Please show all lines of the records that include "Blue".

● ● ● ●

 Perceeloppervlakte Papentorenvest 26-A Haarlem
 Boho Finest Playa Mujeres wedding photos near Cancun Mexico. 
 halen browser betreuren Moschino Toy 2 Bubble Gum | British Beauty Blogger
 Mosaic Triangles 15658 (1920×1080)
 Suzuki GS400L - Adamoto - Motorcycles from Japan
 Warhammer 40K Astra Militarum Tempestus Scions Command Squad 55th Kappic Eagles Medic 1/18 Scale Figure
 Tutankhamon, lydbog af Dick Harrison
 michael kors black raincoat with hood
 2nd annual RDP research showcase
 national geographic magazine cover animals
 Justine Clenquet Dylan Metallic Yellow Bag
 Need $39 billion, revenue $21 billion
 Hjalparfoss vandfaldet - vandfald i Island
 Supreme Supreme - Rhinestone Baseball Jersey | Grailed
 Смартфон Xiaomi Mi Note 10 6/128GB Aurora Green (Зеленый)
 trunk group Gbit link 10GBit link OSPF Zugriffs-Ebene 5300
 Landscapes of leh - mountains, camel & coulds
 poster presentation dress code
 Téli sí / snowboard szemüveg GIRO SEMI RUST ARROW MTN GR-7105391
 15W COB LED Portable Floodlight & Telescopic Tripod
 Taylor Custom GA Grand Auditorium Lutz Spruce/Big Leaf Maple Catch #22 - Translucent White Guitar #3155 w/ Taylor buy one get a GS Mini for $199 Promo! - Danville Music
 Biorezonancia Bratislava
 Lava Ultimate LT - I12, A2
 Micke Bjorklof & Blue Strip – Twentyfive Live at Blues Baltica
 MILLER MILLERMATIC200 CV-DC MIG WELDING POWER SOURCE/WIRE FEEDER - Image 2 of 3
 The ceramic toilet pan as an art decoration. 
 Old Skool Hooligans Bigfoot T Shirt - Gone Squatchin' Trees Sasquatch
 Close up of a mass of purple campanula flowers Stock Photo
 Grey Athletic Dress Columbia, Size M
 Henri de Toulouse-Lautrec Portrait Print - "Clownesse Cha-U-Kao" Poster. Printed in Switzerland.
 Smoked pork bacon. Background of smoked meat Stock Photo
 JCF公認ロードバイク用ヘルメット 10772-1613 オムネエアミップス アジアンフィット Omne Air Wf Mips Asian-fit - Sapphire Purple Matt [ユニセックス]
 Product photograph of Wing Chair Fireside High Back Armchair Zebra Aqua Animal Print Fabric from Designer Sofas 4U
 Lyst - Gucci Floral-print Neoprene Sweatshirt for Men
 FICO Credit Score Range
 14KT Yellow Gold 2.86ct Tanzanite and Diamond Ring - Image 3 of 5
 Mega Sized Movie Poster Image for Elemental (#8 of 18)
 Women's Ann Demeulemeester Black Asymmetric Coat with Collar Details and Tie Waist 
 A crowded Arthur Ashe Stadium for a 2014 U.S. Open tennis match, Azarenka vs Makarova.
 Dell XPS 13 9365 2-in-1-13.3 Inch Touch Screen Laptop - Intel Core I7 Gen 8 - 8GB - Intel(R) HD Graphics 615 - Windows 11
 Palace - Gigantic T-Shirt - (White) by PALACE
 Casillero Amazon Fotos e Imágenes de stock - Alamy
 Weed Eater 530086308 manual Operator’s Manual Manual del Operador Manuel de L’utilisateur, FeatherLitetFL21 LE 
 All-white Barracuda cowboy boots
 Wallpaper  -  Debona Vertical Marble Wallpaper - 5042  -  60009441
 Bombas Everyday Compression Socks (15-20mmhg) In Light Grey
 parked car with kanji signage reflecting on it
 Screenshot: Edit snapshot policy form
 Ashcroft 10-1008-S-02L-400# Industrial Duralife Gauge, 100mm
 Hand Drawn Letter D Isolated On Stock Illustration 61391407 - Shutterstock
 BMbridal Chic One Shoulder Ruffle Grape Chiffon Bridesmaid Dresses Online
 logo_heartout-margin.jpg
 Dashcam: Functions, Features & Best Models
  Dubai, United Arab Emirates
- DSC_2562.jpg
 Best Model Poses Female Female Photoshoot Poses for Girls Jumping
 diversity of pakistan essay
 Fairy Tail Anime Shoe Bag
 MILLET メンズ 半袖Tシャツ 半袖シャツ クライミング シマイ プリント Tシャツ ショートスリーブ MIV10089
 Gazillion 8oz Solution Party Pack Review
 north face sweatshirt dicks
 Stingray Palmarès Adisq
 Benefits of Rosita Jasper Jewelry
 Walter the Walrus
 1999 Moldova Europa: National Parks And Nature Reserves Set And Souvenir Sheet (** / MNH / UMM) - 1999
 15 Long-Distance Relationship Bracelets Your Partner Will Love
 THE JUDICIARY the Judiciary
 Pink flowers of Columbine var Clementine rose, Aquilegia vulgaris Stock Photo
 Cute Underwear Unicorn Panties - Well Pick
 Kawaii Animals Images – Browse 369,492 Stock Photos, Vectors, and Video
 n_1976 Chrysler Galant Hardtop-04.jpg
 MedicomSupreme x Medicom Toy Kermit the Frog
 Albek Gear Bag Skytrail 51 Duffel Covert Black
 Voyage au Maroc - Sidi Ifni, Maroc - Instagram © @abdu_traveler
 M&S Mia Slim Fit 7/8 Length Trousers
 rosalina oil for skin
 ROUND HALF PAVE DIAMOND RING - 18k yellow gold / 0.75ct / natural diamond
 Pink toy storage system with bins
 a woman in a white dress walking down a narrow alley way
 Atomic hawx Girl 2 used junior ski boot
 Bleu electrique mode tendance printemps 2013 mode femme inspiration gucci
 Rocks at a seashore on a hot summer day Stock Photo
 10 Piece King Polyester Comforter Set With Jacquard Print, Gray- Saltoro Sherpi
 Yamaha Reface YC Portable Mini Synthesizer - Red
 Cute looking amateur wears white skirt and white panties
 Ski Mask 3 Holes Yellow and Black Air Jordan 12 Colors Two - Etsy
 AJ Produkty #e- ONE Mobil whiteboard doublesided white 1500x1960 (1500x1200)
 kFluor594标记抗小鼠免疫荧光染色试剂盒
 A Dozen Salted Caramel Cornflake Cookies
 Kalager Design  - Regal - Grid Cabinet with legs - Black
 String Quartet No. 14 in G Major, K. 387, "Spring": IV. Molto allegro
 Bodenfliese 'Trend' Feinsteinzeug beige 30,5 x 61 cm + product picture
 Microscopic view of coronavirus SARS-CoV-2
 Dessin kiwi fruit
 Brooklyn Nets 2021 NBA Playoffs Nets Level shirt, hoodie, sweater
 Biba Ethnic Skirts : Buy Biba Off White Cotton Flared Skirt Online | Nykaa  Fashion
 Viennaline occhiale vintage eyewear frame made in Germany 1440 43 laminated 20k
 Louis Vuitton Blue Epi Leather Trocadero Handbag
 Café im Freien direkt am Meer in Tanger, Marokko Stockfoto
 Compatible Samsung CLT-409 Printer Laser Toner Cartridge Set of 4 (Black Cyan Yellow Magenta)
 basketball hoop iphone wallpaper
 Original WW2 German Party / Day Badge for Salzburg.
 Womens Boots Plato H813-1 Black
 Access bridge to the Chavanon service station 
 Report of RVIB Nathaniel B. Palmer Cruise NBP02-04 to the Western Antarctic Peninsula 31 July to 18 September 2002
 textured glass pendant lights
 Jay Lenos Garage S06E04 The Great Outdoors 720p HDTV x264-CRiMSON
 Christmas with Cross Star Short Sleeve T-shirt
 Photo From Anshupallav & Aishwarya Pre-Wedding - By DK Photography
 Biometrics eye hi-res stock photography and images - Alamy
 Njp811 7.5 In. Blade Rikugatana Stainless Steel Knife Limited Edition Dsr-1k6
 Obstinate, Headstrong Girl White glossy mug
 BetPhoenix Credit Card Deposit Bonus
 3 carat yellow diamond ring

● ● ● ●

> **Reply to the exercise**:
 Micke Bjorklof & Blue Strip – Twentyfive Live at Blues Baltica
 Louis Vuitton Blue Epi Leather Trocadero Handbag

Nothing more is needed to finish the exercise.